The LE operator matches a tag when the tag has an attribute with a value less than or equal to the search parameter. The LE operator will only match single-valued attributes.

The LE operator can only apply to ordered primitive values, it cannot be used with string or boolean values. The LE operator will never match a multi-valued attribute, even if one or more of the individual values matches the search term.

LT = 3

LESS THAN

The LT operator matches a tag when the tag has an attribute with a value less than the search parameter. The LT operator will only match single-valued attributes.

The LT operator can only apply to ordered primitive values, it cannot be used with string or boolean values. The LT operator will never match a multi-valued attribute, even if one or more of the individual values matches the search term.

NE = 2

DOES NOT EQUAL

The NE operator matches a tag precisely when the EQ operator does not match it. This could be because the tag attribute does not match the search term, or because the tag does not define the search attribute at all or defines it with a different type. For multi-valued attributes, the NE operator will only match if none of the attribute values match the search term. The search value for the NE operator must be a primitive value.

The NE operator is exactly equivalent to using the EQ operator inside a logical NOT operation. This equivalence holds for both single- and multi-valued attributes.

Exact matches may behave erratically for FLOAT values due to rounding errors, for this reason it is not recommended to use the NE operator with FLOAT values.

SEARCH_OPERATOR_NOT_SET = 0
class tracdap.metadata.SearchParameters

Parameters to define a metadata search.

objectType

The type of object to search for

Type:

ObjectType

priorTags

Include prior tags in the search.

By default, only the latest tag for each object version is considered in a search. If the as-of parameter is specified, latest tags are considered as of that time.

Setting this flag to true will cause TRAC to consider superseded tags in the search. If the as-of parameter is specified as well then all tags up to that time are considered. Only the latest matching tag will be included in the search result.

This flag can be combined with priorVersions to search across all tags and object versions. If neither flag is specified, only the latest version and latest tag is considered for each object.

Type:

bool

priorVersions

Include prior versions of objects in the search.

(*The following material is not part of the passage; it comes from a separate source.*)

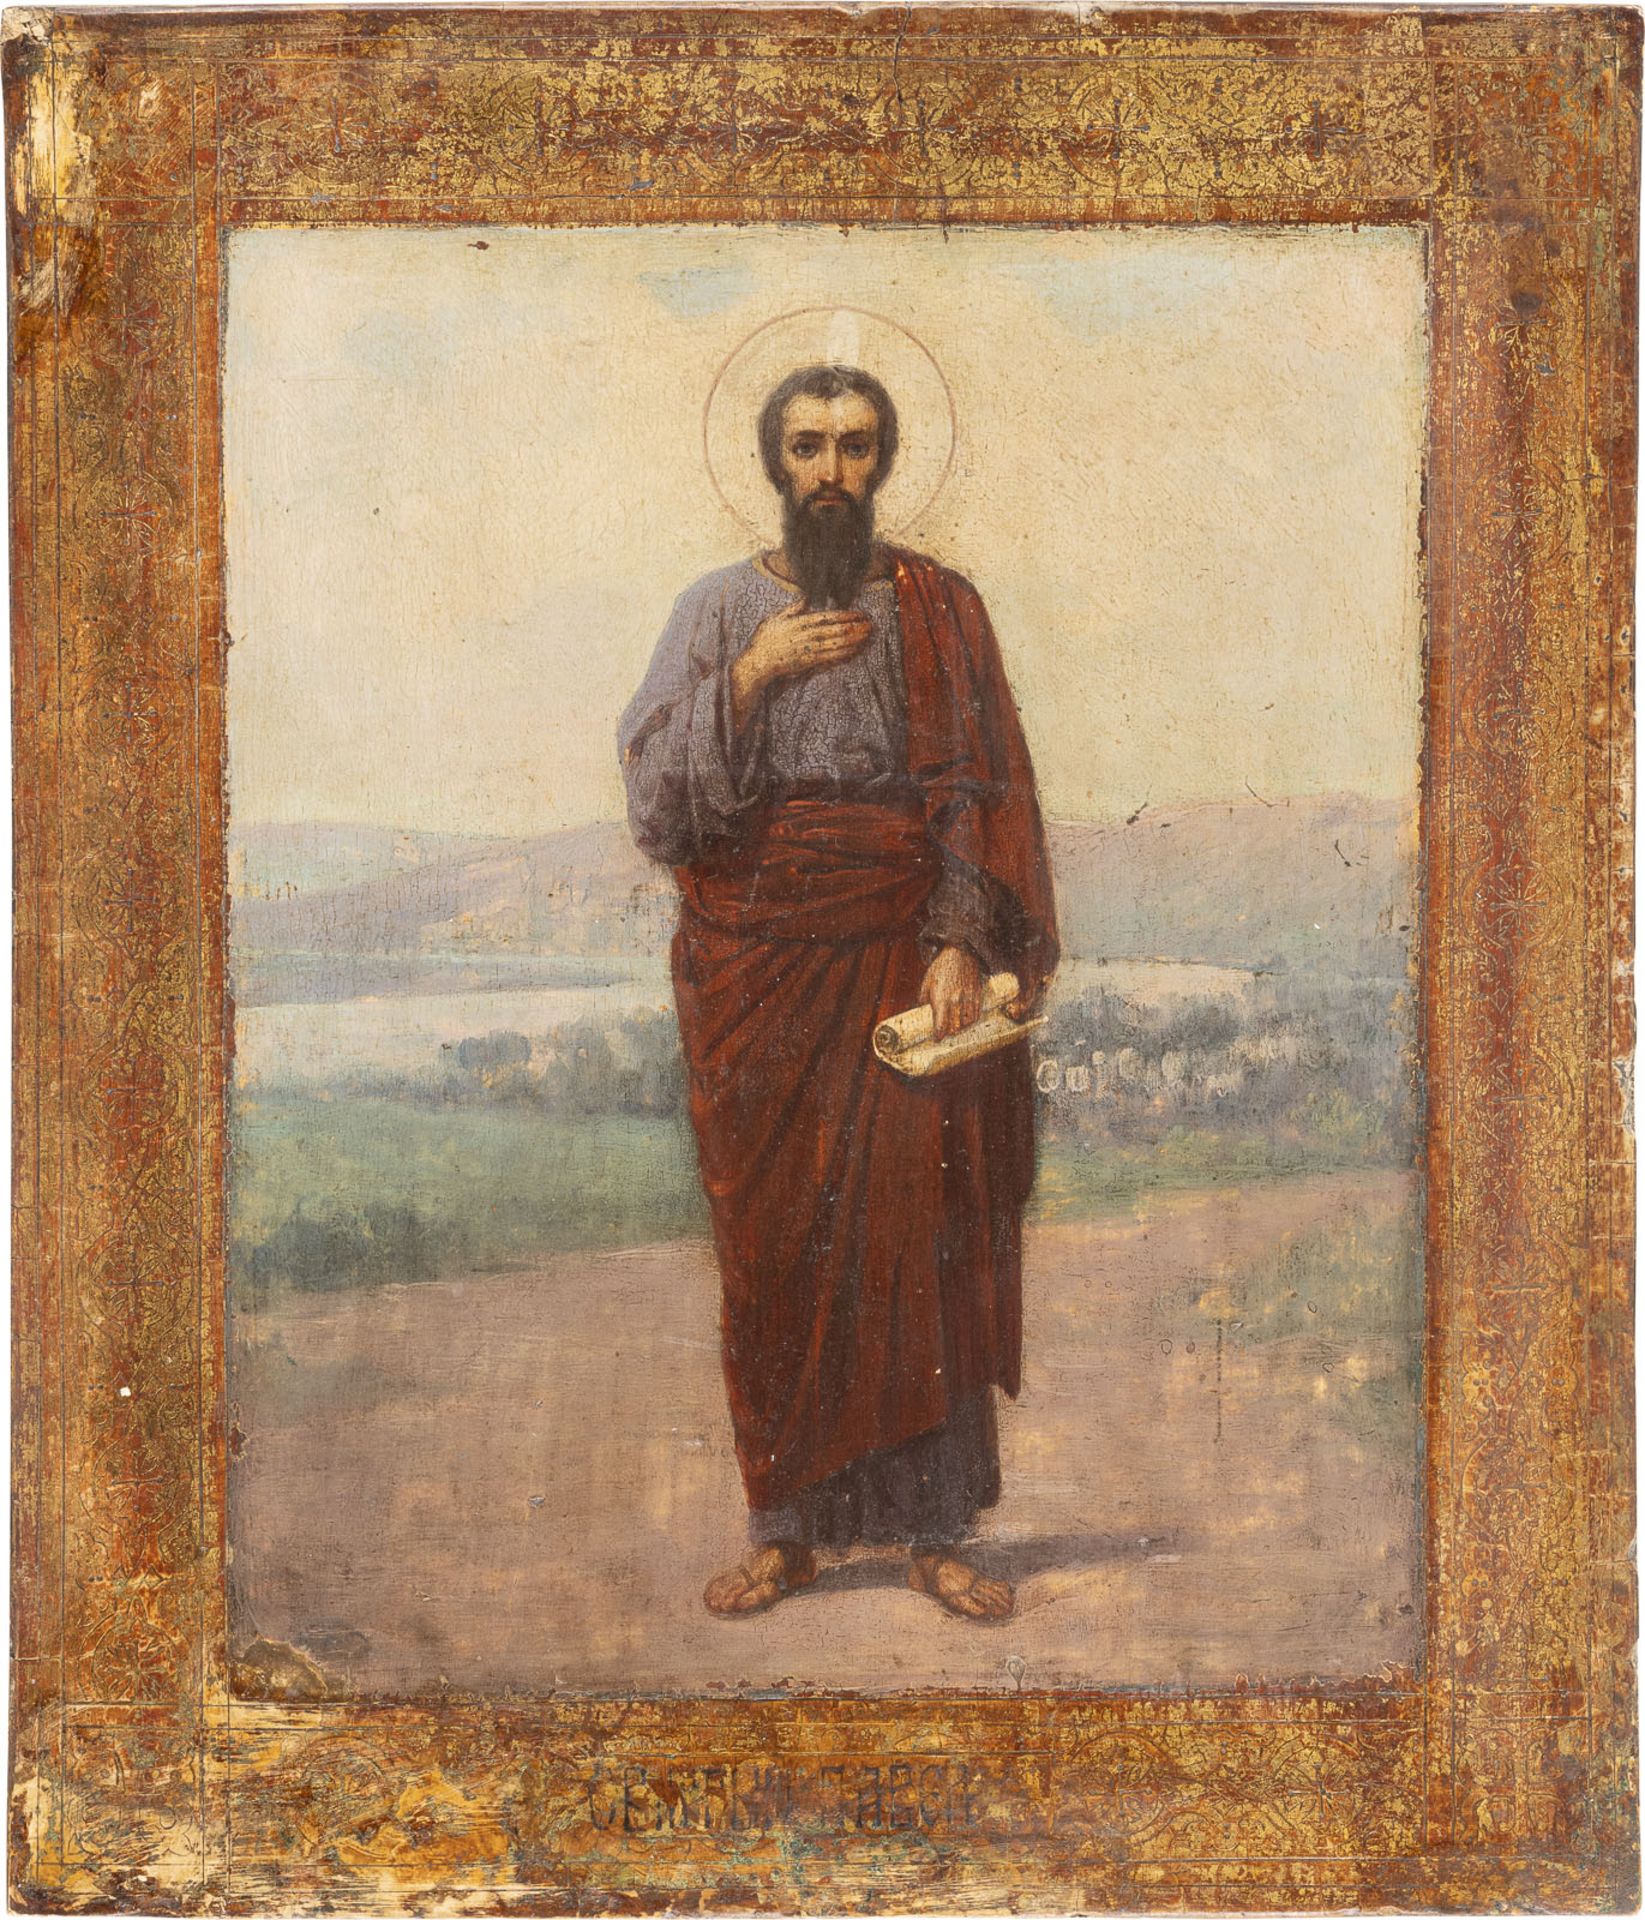 IKONE MIT DEM APOSTEL PAULUS  - Bild 3 aus 3

By default, only the latest version of each object is considered in a search. If the as-of parameter is specified, latest versions are considered as of that time.

Setting this flag to true will cause TRAC to consider superseded object versions in the search. If the as-of parameter is specified as well then all object versions up to that time are considered. Only the latest matching version will be included in the search result.

This flag can be combined with priorTags to search across all tags and object versions. If neither flag is specified, only the latest version and latest tag is considered for each object.

Type:

bool

search

A search expression based on tag attributes.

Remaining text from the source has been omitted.